The level of purine bases is lower in products such as cereals, vegetables, honey, nuts and tomatoes. They can be eaten practically without restrictions. Pork fat, beans, spinach, sorrel, mushrooms contain from 50 to 150 mg of the substance, which should be taken into account when compiling the menu.
For weight loss
Weight loss is recommended for patients with hypertensive and normostenic physique. The calorie content in the diet should be reduced to 30 calories per kilogram of body weight. It is important that weight loss occurs gradually, not more than one kilogram per month. This will ensure an acceptable level of ketone body formation. With a pronounced lack of nutritional value of products, their synthesis exceeds the allowable limits. A low-calorie diet significantly excludes or limits the consumption of baked goods.
Prohibited foods: bread, pies, pizza, cakes, dairy, cakes, sugar, candy, sweet jam, canned food, etc.
The table should be based on the components:
- low-fat cottage cheese;
- kefir;
- perime;
- frutat.
Weight management is not limited to low calorie meals. The patient should lead an active lifestyle, exercise according to a program developed individually. Otherwise, dietary restrictions will be very strict, which will reduce a person’s adherence to therapy.
Example of a menu for a week
Patients with gout need to know exactly what is not and what is acceptable to eat. It is better if a person clearly describes his diet for a relatively long period. Meals usually last for a week. The existing scheme can be used for several months, after which the set of dishes is changed or completely stirred every day. With an increased uric acid level, the weekly diet may look like this.
Monday
- Breakfast # 1: casserole, coffee with milk.
- Breakfast # 2: Baked Apples.
- Lunch: vegetable soup, bread, rose broth.
- Afternoon snack: fruit jelly.
- Dinner: cabbage rolls, kefir.
Tuesday
- Breakfast # 1: cheese, tea, bread.
- Breakfast # 2: orange.
- Lunch: lean cabbage soup, bread, herbs.
- Afternoon snack: buckwheat porridge.
- Darka: kefir, carrot puree.
Wednesday
- Breakfast # 1: eggs, fruit juice.
- Breakfast # 2: jam, mineral water.
- Lunch: vegetable borsch, rye bread, tea.
- Afternoon snack: milk jelly.
- Dinner: dried fruit, jam.
Thursday
- Breakfast # 1: cucumber salad, hips.
- Breakfast # 2: orange almonds.
- Lunch: potato soup, fruit drink.
- Afternoon snack: pear.
- Dinner: scrambled eggs, dried apricots, lemon tea.
Friday
- Breakfast # 1: boiled beets, cranberry juice.
- Breakfast # 2: kefir.
- Lunch: pearl barley soup, tea.
- Afternoon snack: milk, bread.
- Dinner: carrot cutlets.
Saturday
- Breakfast # 1: rice porridge, coffee.
- Breakfast # 2: watermelon.
- Lunch: soup, milk jelly.
- Afternoon snack: fresh cucumber.
- Dinner: kefir, bread.
Sunday
- Breakfast # 1: soft-boiled egg with sour cream and tea.
- Breakfast # 2: grapes.
- Lunch: cabbage cutlets, barley soup, juice.

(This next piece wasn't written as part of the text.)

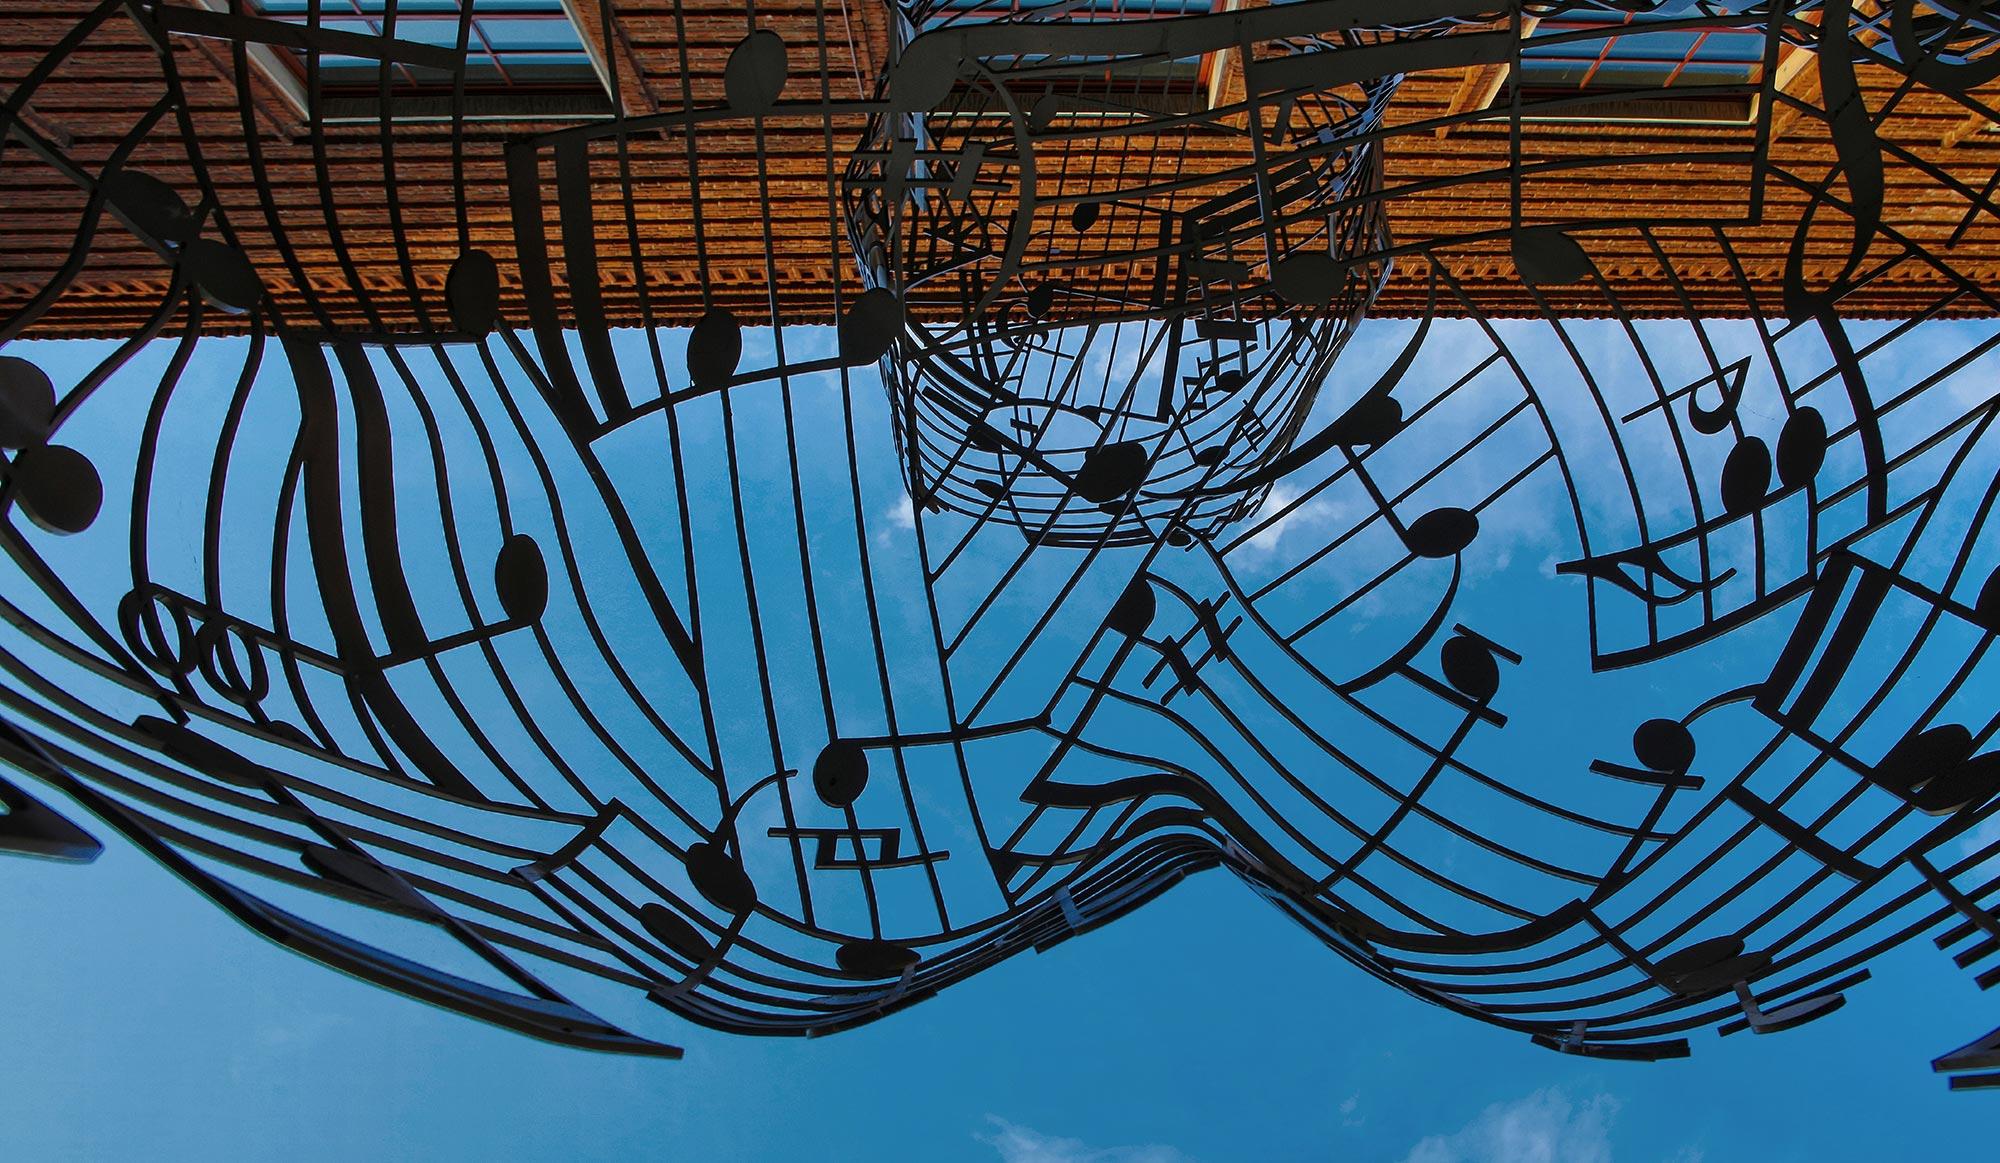 Фотография: Ricardo Gomez. Источник: Unsplash.com

- Afternoon snack: casserole.
- Darka: petulla, kos.
The given diet is not complete. Any ingredient from the list of what is allowed to the patient can be added to it.

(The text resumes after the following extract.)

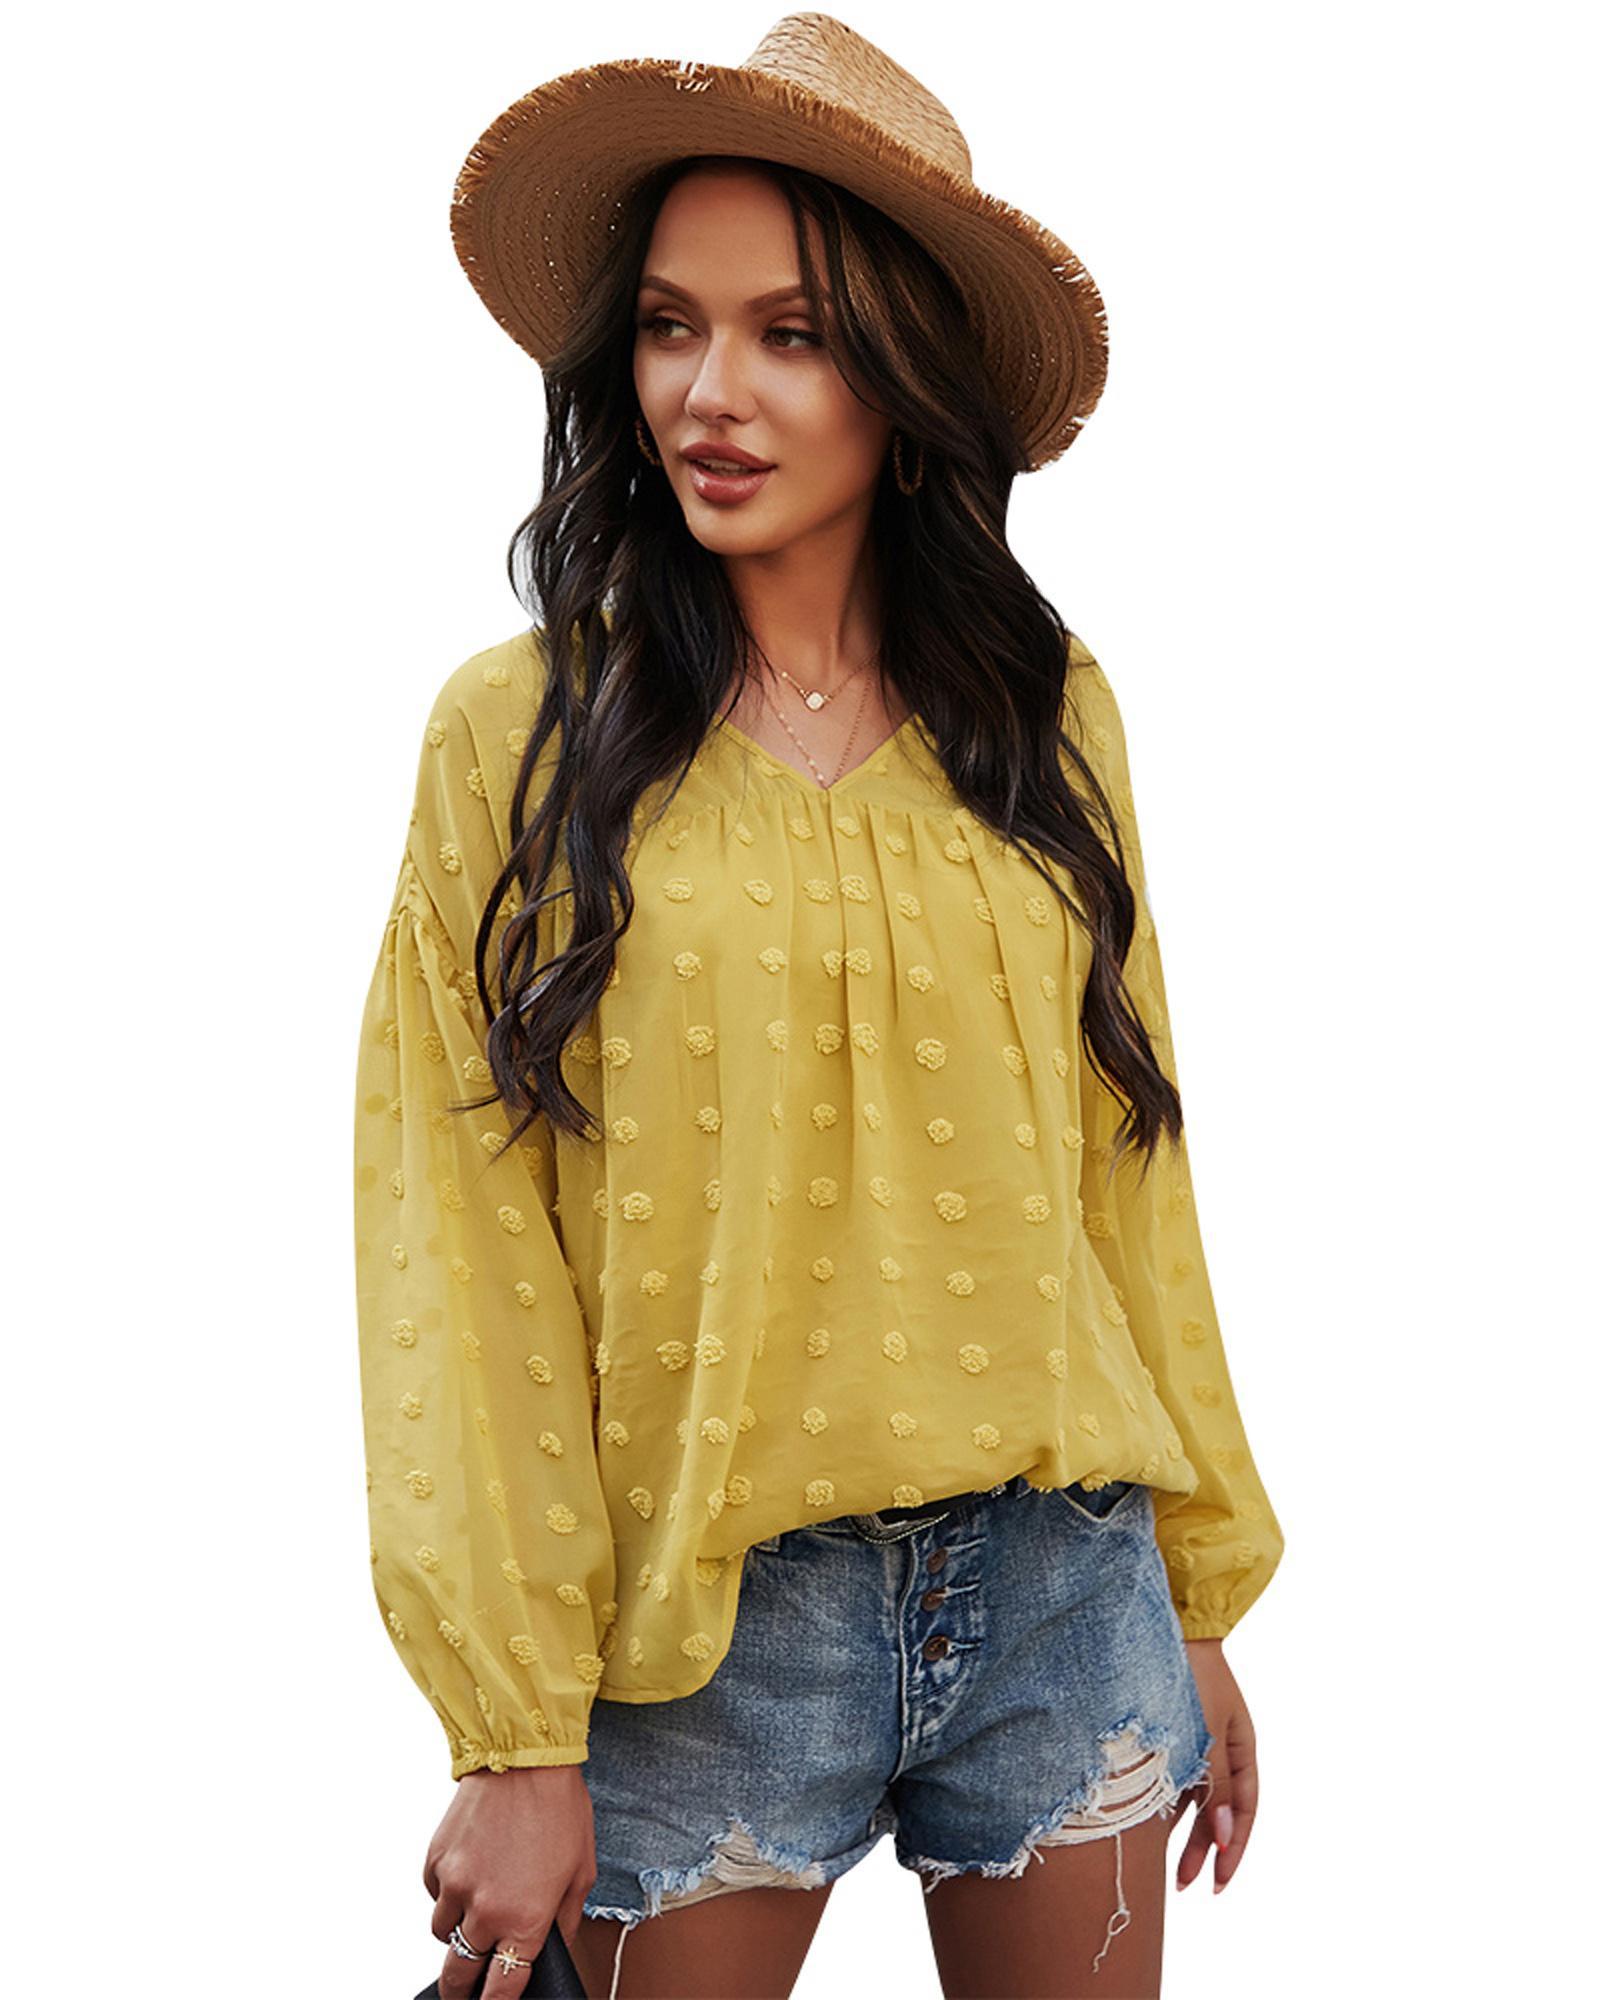 여름 새로운 여성 시폰 블라우스 우아한 랜턴 긴 소매 v 목 탑스 pom pom sunscreen shirts 캐주얼 튜닉

Care should be taken to ensure that the total caloric content of meals and the content of purine bases in them does not exceed the set limits.
Cooking methods
Dishes can be steamed or baked. This approach allows you to ensure the optimal taste of the product, while maintaining its beneficial properties. Food processed in this way assumes a gentle regimen for patients with concomitant diagnoses of a gastroenterological profile. Cooking is acceptable, but if meat or fish are cooked this way, the soup is drained. The fact is that during processing, about 50% of the purines contained in the muscle fibers of animals are transferred to it.
Proper nutrition is one of the key ingredients in treating foot gout. A person who does not adhere to the necessary conditions for designing a diet is much more likely to suffer from relapses of the disease, even with adequately selected pharmacological therapies. Refusal of proper nutrition during an exacerbation contributes to an increase in symptoms and an increase in the time required for recovery. The patient receives detailed information about what should not and what should be eaten from his attending physician. Therefore, at the first signs of pathology, you should seek help from a specialized specialist who will competently choose a diet and prescribe treatment.